Trump’ın Ukrayna konusundaki barış girişimleri Erdoğan tarafından sıcak karşılandı. İstanbul başlangıçta devre dışı bırakılmış ve Rusya Dışişleri Bakanlığı ile Dışişleri Bakanlığı arasındaki ilk istişareler Riyad’da gerçekleşmiş olsa da, Türkiye kısa süre sonra arabuluculuk statüsünü yeniden kazandı. ABD ve Rusya arasında diplomatik ilişkilerin yeniden tesis edilmesi için iki tur görüşme İstanbul’da gerçekleşti. Mayıs 2025’te başlamak üzere üç tur Rusya-Ukrayna görüşmesi de İstanbul’da gerçekleştirildi. Bundan ilham alan Erdoğan, Rus ve Ukrayna heyetlerinin ikinci toplantısının ardından “en büyük arzusunun, iki tarafı, Sayın Vladimir Putin ve Sayın Zelenski’yi İstanbul veya Ankara’da bir araya getirmek ve hatta Sayın Trump’ı davet etmek olduğunu” açıkladı .
Erdoğan, 25 Eylül 2025’te uzun bir aradan sonra ilk ziyaretini gerçekleştirmek üzere Beyaz Saray’a tam da bu olumlu tabloyla geldi. Biden, NATO’nun ikinci ordusunun liderine dört yıldır vakit bulamamışken, Trump’ın bir yıldan az bir zamana ihtiyacı vardı.

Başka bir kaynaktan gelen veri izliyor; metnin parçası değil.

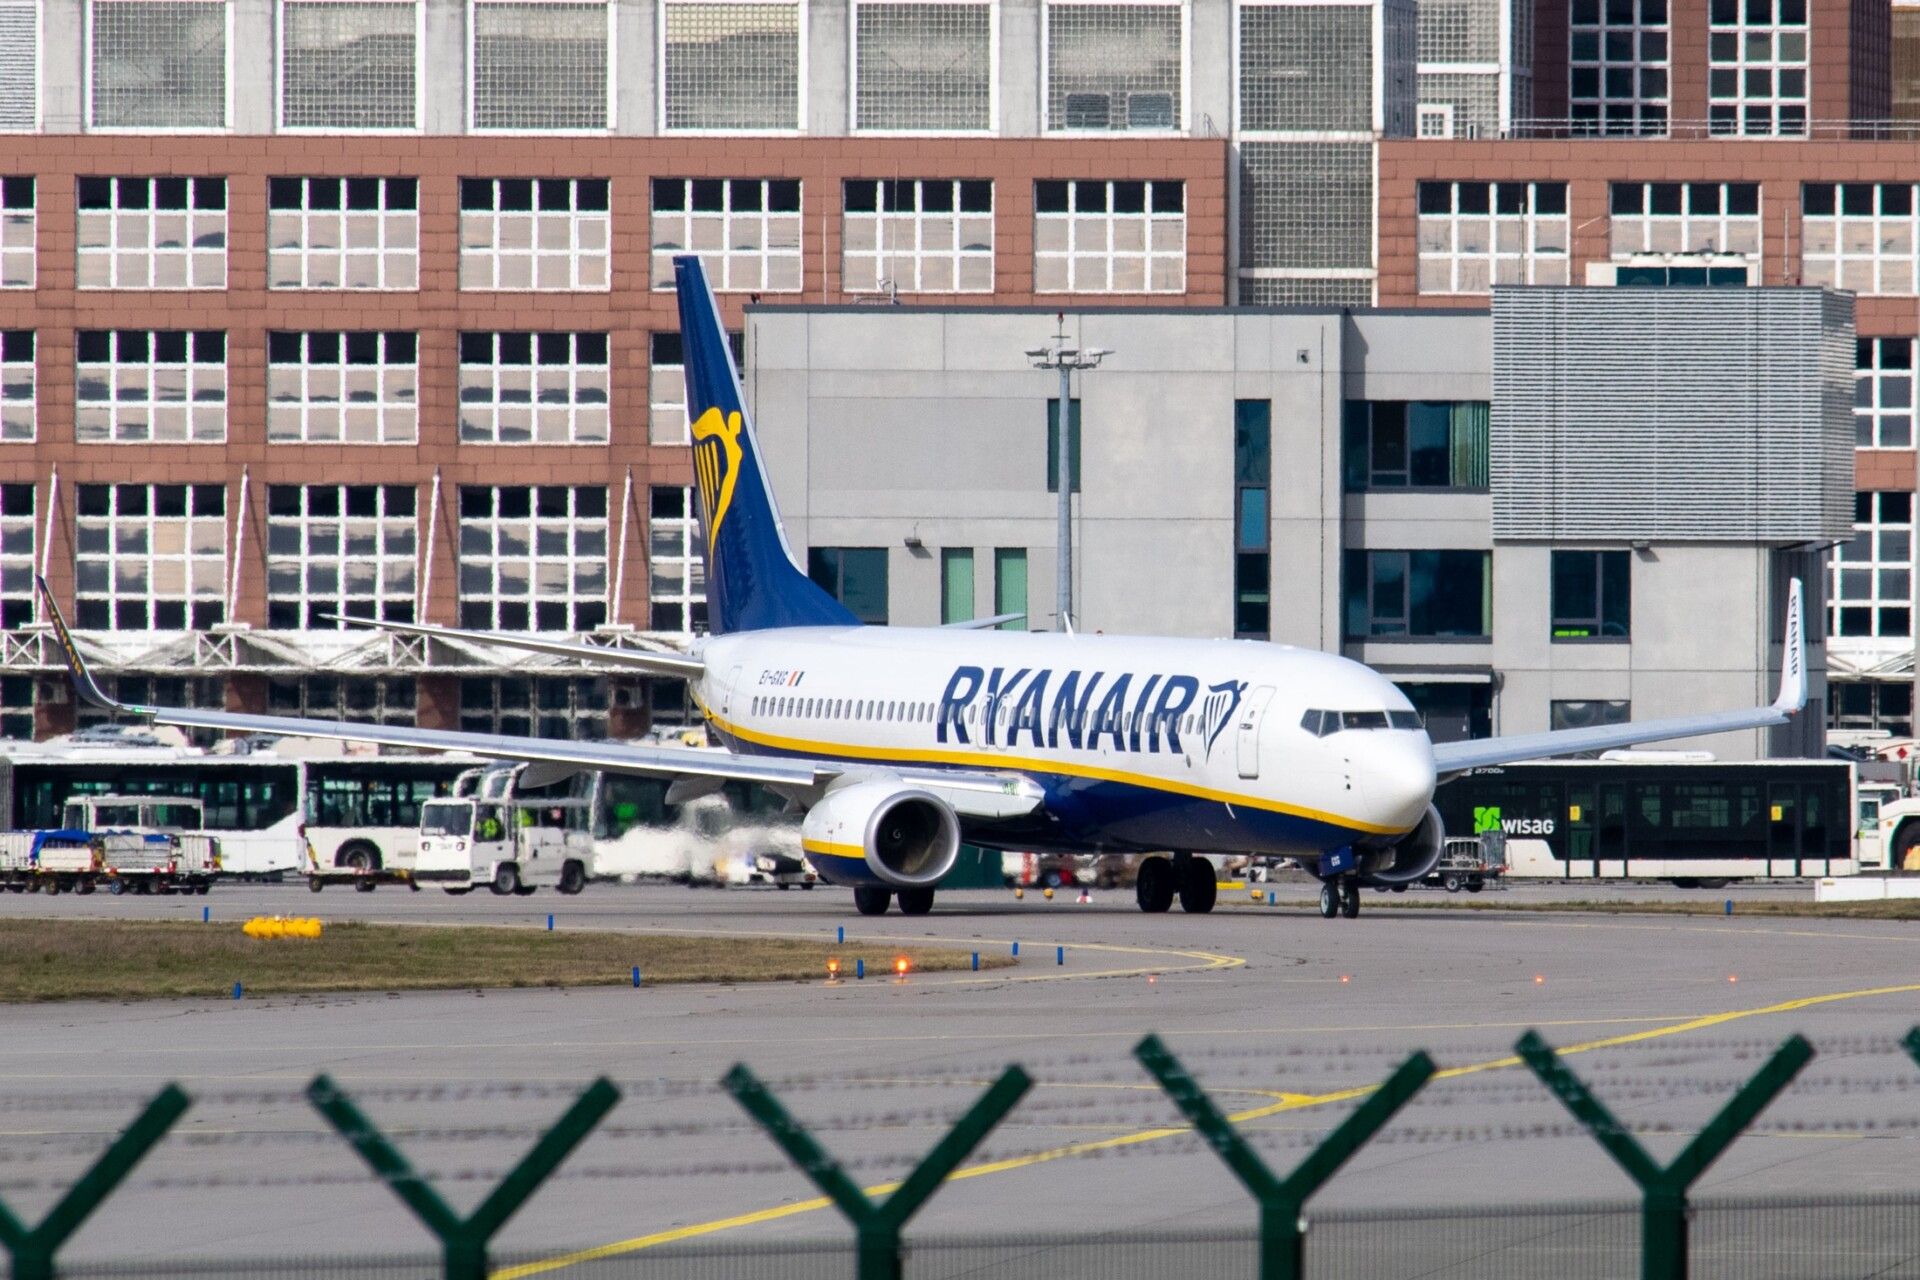 Thomas-Boon-46-Ryanair-2020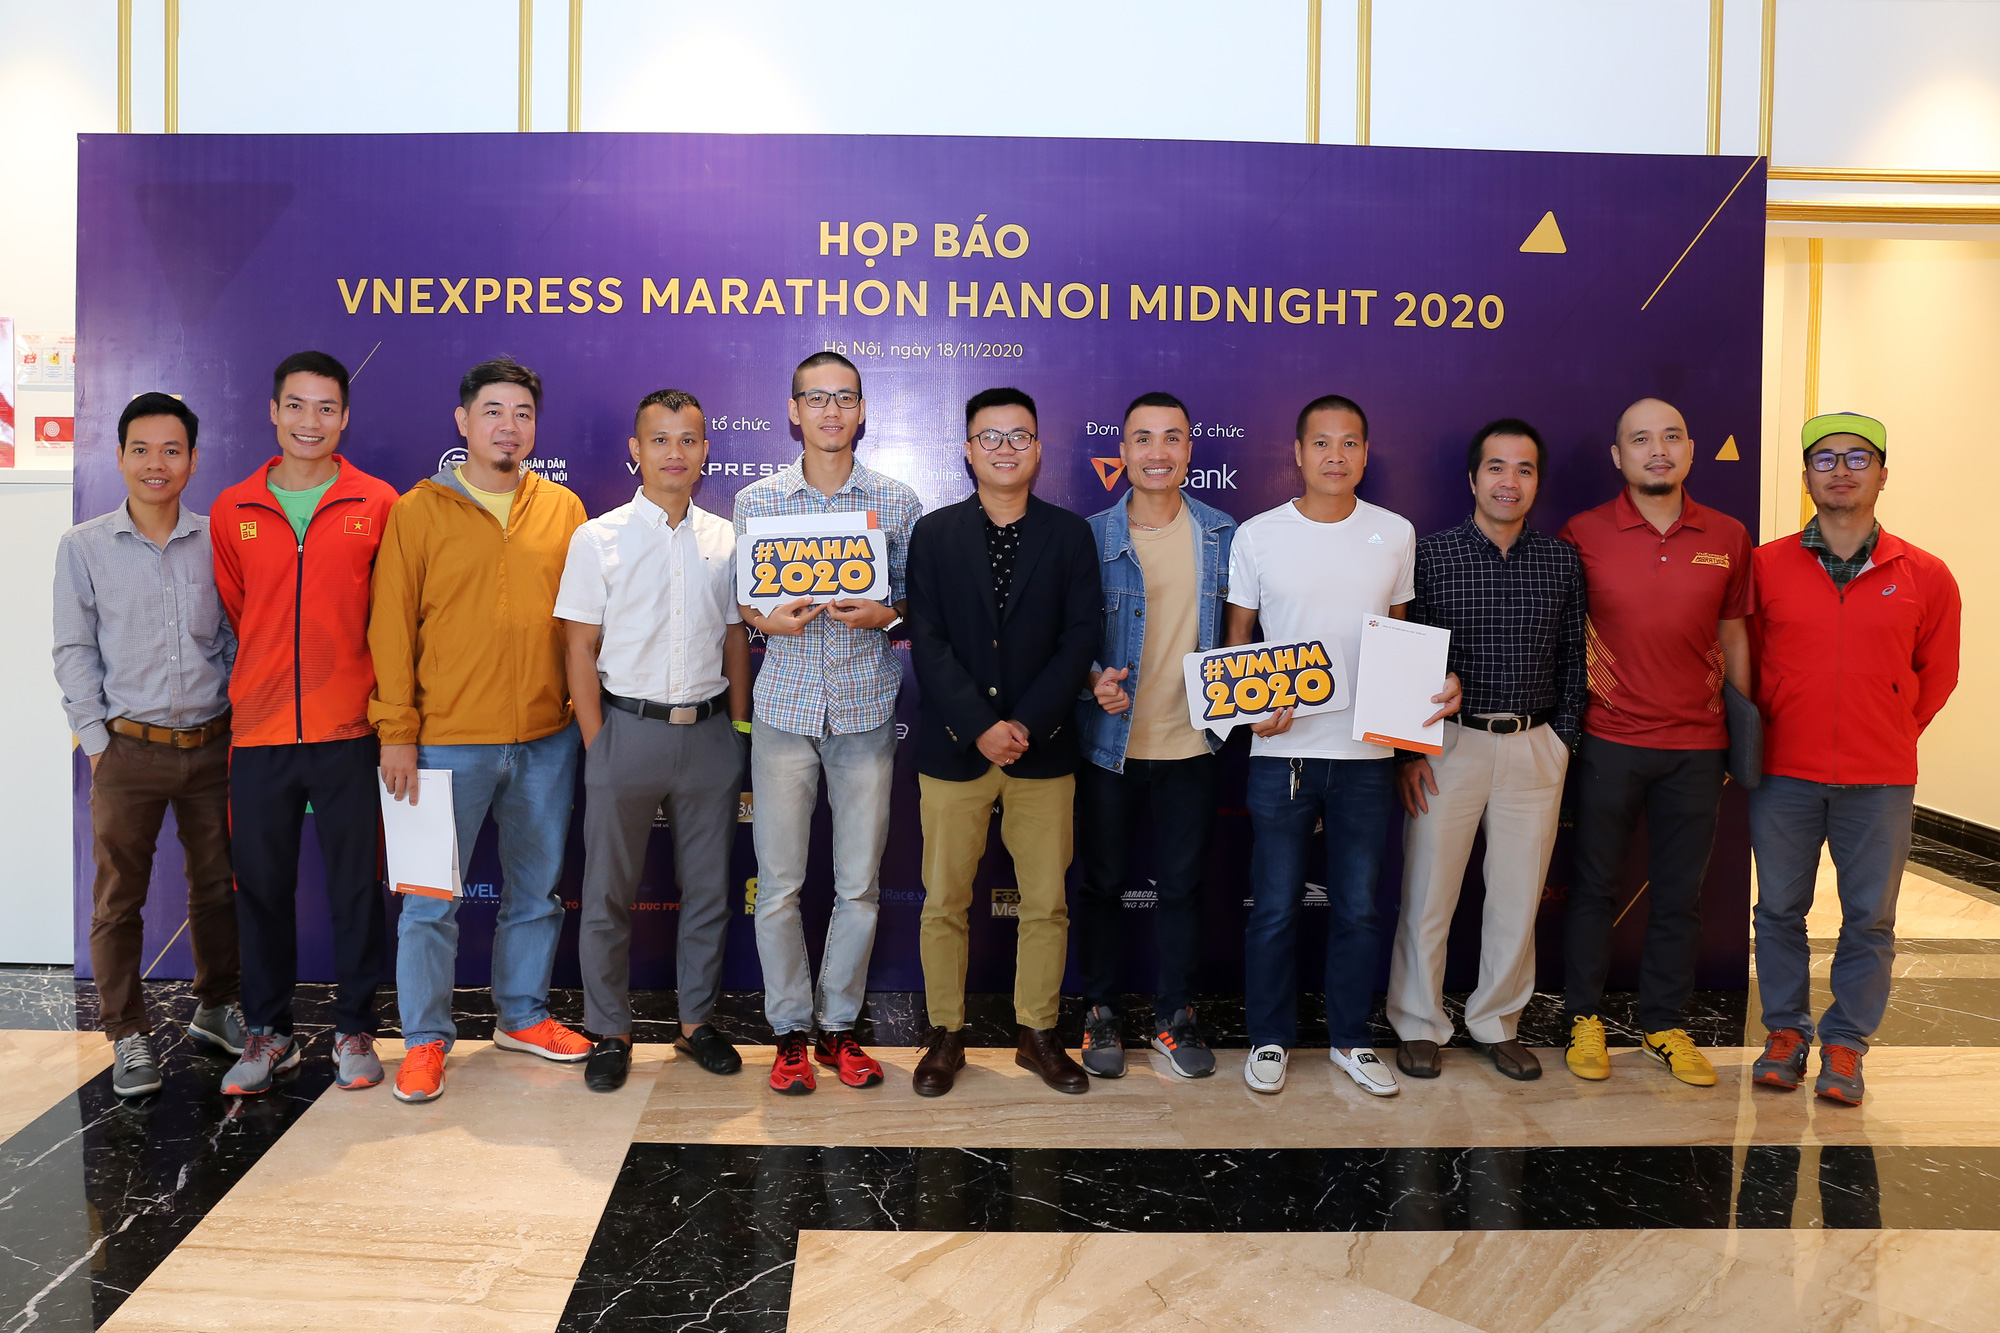 VnExpress Marathon Hanoi Midnight 2020: Hơn 1 tỷ đồng tiền thưởng! - Ảnh 5.

Erdoğan’ın ABD ziyaretleri nadiren tartışmasız geçer. Korumaları bir keresinde Kürt aktivistlerle çatışmıştı. Bu sefer Trump’ın konvoyu, Türk liderin Genel Kurul’a giden yolunu kapattı. Toplantıdan hemen önce ise Washington’da küçük çaplı bir diplomatik kriz patlak verdi. Erdoğan’ın Fox News’e verdiği ve 47. ABD başkanının Ukrayna ve Gazze’deki çatışmaları çözme yeteneğini sorguladığı röportajı hakkında yorum yapan Dışişleri Bakanı Marco Rubio, yabancı liderlerin ” istediklerini söyleyebileceklerini, ancak nihayetinde bir sorunu çözmeleri gerektiğinde Beyaz Saray’a gelmek istediklerini” belirtti; tıpkı Cumhurbaşkanı Erdoğan’ın da Cumhurbaşkanı Erdoğan ile görüşeceği gibi . Türk yönetimi daha sonra durumu küçümsedi: Çeviri hatalıydı; Erdoğan, Trump’ı suçlamak yerine, barışa ulaşmanın zorluklarına dikkat çekiyor ve çatışmaların çözümü için aktif çaba çağrısında bulunuyordu.
Görüşmelerin başlaması büyük bir iyimserlik yarattı. Beyaz Saray ev sahibi, konuğunu övme geleneğini sürdürdü. “O sert bir adam. Kendine çok güvenen biri. Genellikle kendine güvenen insanları sevmem ama bu adamı her zaman sevmişimdir,” diye belirtti . Trump, Erdoğan’ın Suriye’deki zaferini bir kez daha övdü ve Ermenistan ile Azerbaycan ve kendisine “saygı duyan” Rusya ile Ukrayna arasındaki çatışmanın çözümüne yaptığı katkıyı övdü. Trump’ın, Erdoğan’ın isteği üzerine Suriye’ye yönelik yaptırımları kaldırdığı yönündeki açıklaması, Ankara’nın Orta Doğu’daki artan önemini gösteren çok anlamlı bir açıklamaydı.
Trump’ın, Ankara’nın Rus S-400 hava savunma sistemleri satın alması nedeniyle bizzat uyguladığı yaptırımlara ilişkin açıklaması, Türkiye’de iyimserlik yarattı. Donald Trump, yaptırımların kaldırılması olasılığına ilişkin bir soruya yanıt olarak, “İyi bir görüşme olursa, bu çok yakında, neredeyse anında gerçekleşebilir,” dedi . Türk gazeteciler, Trump’ın yakasındaki uçak amblemine dikkat çekerek, sanki Türkiye’nin F-35 savaş uçağı programına geri döneceğini veya en azından F-16 tedarik edeceğini ima ediyormuş gibi davrandılar.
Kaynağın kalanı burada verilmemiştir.